Thalita preferiu não esclarecer a dúvida dele, mantendo uma expressão descontraída: — Gosta quanto?
Caio observou o olhar expressivo dela sem decifrar sua intenção, mas buscou corresponder à sua maneira: inclinou-se para iniciar um beijo prolongado e profundo em seus lábios. Foi um gesto intenso e repleto de afeto; ao se afastarem, ela sentia-se um tanto tonta com a proximidade. Ele manteve a testa apoiada contra a dela, comentando com a voz grave e descontraída: — Compreendeu agora?
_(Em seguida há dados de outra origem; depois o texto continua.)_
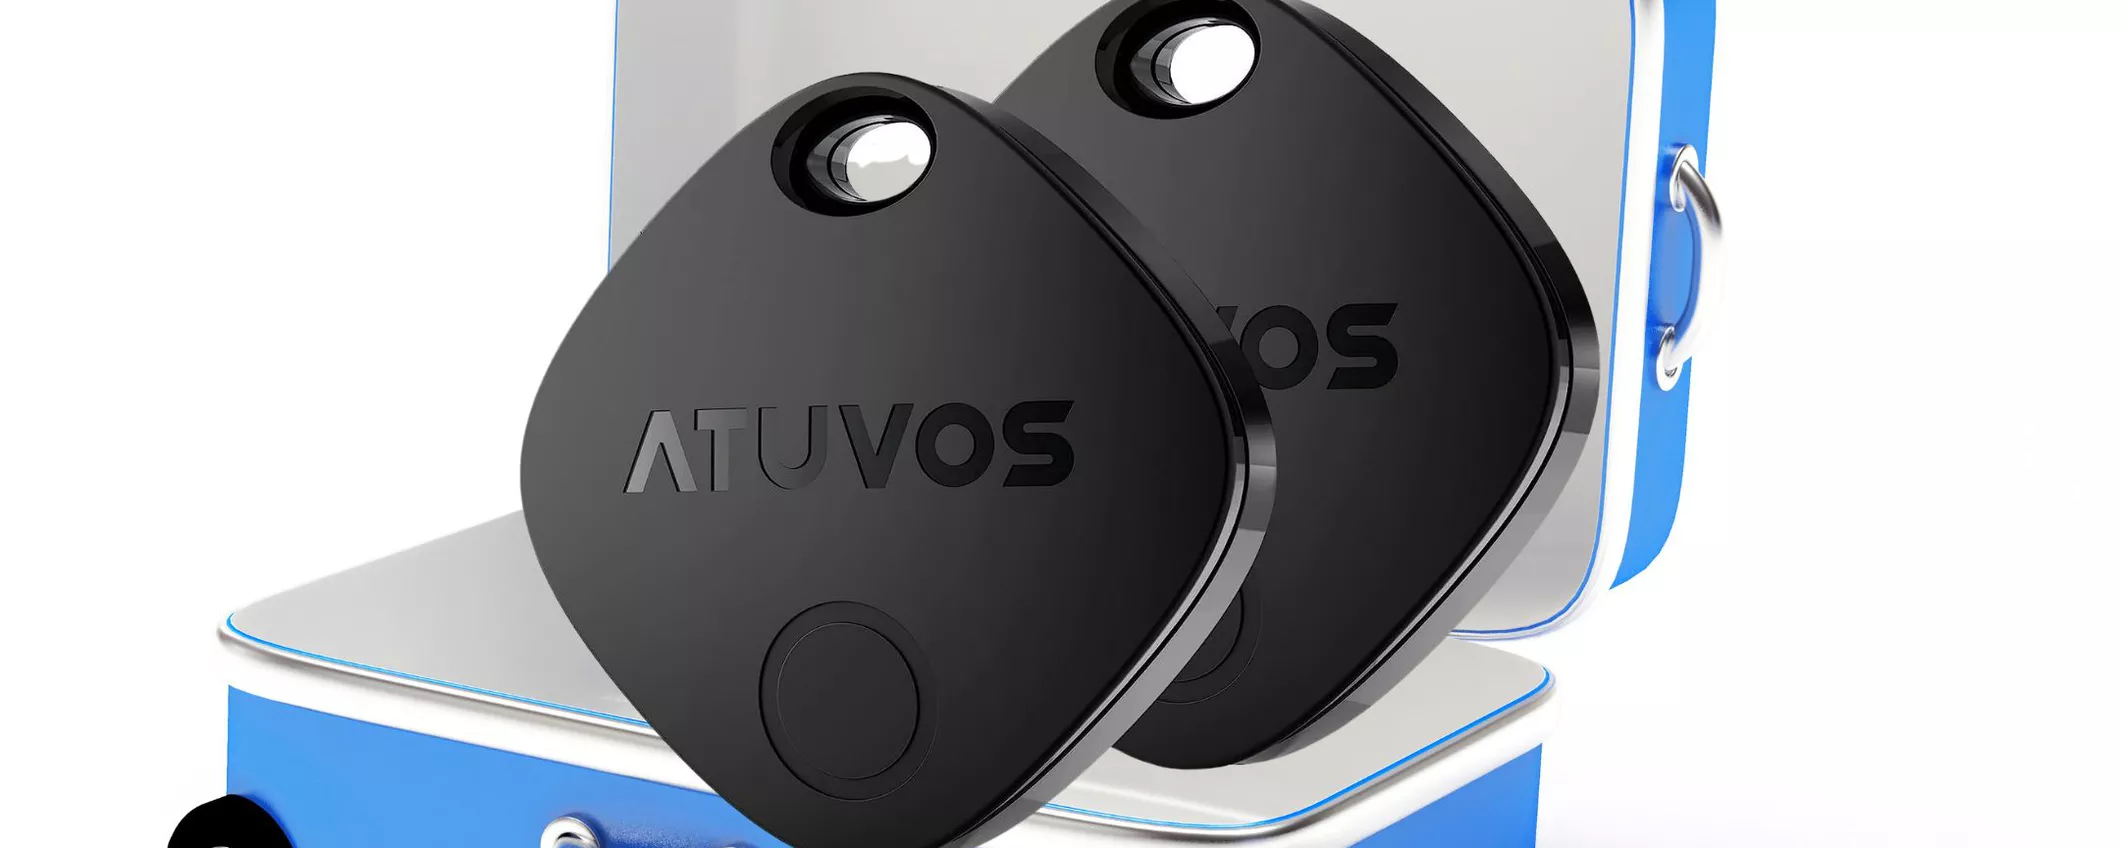 Non perdere i tuoi oggetti: Smart Tracker ATUVOS costa MENO di Apple AirTag!

Seus batimentos cardíacos estavam visivelmente acelerados naquele momento. Thalita conteve a emoção e permaneceu em silêncio. No fim, a colocação de Amanda fazia sentido: não adiantava se desgastar internamente com suposições, o melhor era verificar a realidade e utilizar a situação a seu favor, mesmo que fosse apenas na aparência. Com esse pensamento, ela comentou em tom sugestivo: — É apenas isso?
Caio observou o olhar de expectativa dela e, naquele instante, finalmente compreendeu a motivação por trás de todo aquele comportamento. A persona da acompanhante fictícia realmente não esquecia suas supostas atribuições. Havia todo um planejamento, mas a intenção final era exposta de forma tão direta que não duraria muito tempo em uma trama de intrigas. Achando graça da situação, ele a manteve em seus braços e tocou de leve em seus cabelos: — Com certeza não é apenas isso.
Às treze horas, em um renomado centro internacional de leilões na cidade de Yun, os procedimentos de recepção e segurança apresentavam um rigor muito superior ao habitual. A sessão daquele dia destinava-se a antiguidades, peças de arte e joias de alto padrão, sendo classificada como o evento de maior relevância do semestre naquele segmento. Por essa razão, o local reunia diversas personalidades influentes da sociedade.
— Fique tranquila, querida. Aquele colar que você gostou será seu, eu garanto — nos assentos da frente, Maurício deu um toque suave na mão de Viviane para acalmá-la.
Viviane sorriu: — Muito obrigada, Maurício.
Viviane era uma figura do meio artístico que, logo no início da carreira, chamou a atenção de Maurício devido à sua beleza singular, dando início ao relacionamento. Maurício não era um homem jovem e sua aparência não se destacava, mas ele era financeiramente próspero e generoso; sempre que ela manifestava interesse por algum item, ele fazia o possível para providenciar. O colar em questão já havia chamado a atenção dela desde a divulgação prévia do evento.
Confiando nos recursos de Maurício, ela inclusive já havia orientado sua equipe a divulgar notas na imprensa sugerindo que utilizaria a peça em uma solenidade de gala dali a três dias. Portanto, a aquisição da joia era de extrema importância para ela naquele dia.
Enquanto se perdia em seus pensamentos, ouviu-se uma movimentação no salão. Em poucos instantes, acompanhado com deferência pelos funcionários do local, um homem de porte alto e presença imponente adentrou o recinto.
Viviane observou a figura e ficou totalmente impressionada. Ele parecia jovem e de ótima aparência, com traços marcantes e bem delineados. O terno escuro sob medida destacava sua silhueta de ombros largos e pernas longas. Parecia alguém que havia recebido uma atenção especial da natureza em seus traços. A presença em um leilão daquela categoria indicava uma posição de grande destaque. Alguém jovem, de ótima aparência e financeiramente próspero.
Viviane fixou o olhar no homem de postura elegante, sentindo os batimentos cardíacos se acelerarem. Ela tentava se recordar de onde já havia visto aquela figura, possivelmente em algum noticiário econômico recente, mas a lembrança era vaga. Contendo o entusiasmo, ela aproximou-se de Maurício em tom descontraído, comentando: — Nossa, quanta formalidade para a chegada dele. Maurício, quem é ele?
Naquele momento, Maurício nem sequer prestou atenção ao comentário dela. Apenas observava fixamente o homem de presença imponente, demonstrando imensa surpresa com a aparição.